ENTRIES SHOWN =>
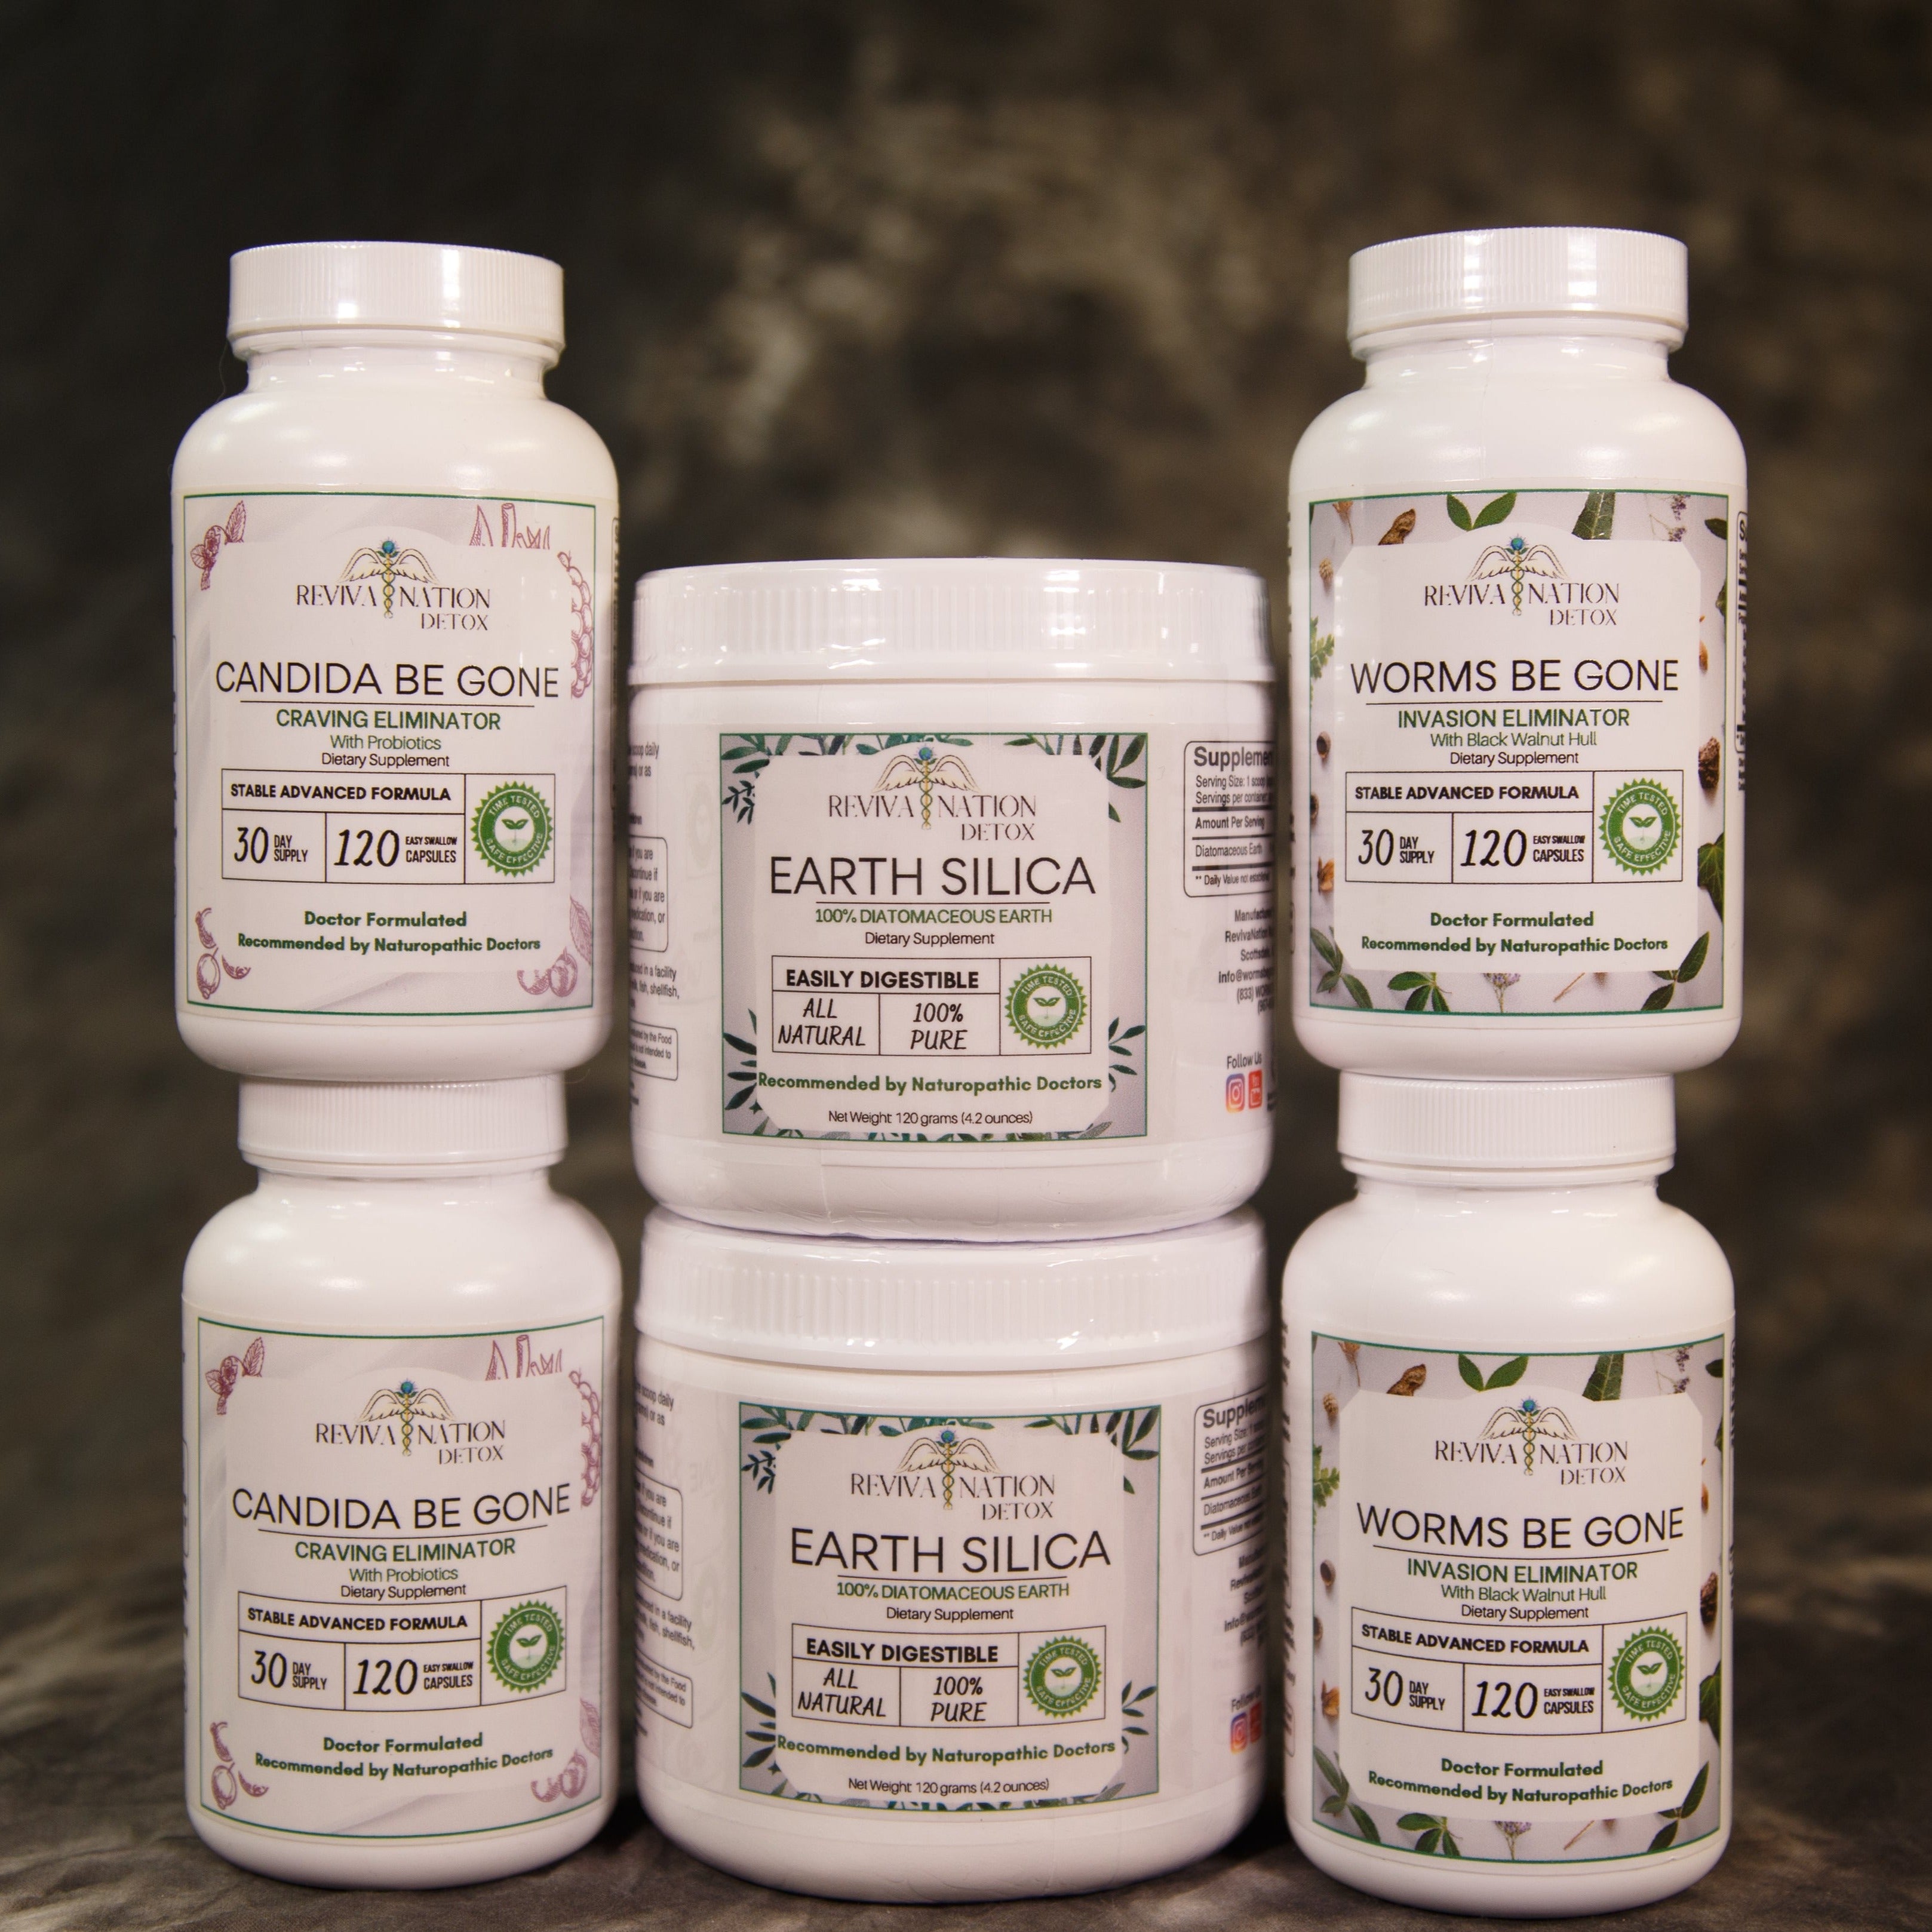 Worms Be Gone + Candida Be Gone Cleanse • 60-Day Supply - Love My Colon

==

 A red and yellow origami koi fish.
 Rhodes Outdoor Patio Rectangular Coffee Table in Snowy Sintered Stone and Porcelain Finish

WHAT YOU ARE ASKED TO DO => Take the records above and return, word for word, only the lines that fall from the line with "A red and yellow origami koi fish." to the line with "Rhodes Outdoor Patio", both of them included.

ANSWER SPACE =>
 A red and yellow origami koi fish.
 Rhodes Outdoor Patio Rectangular Coffee Table in Snowy Sintered Stone and Porcelain Finish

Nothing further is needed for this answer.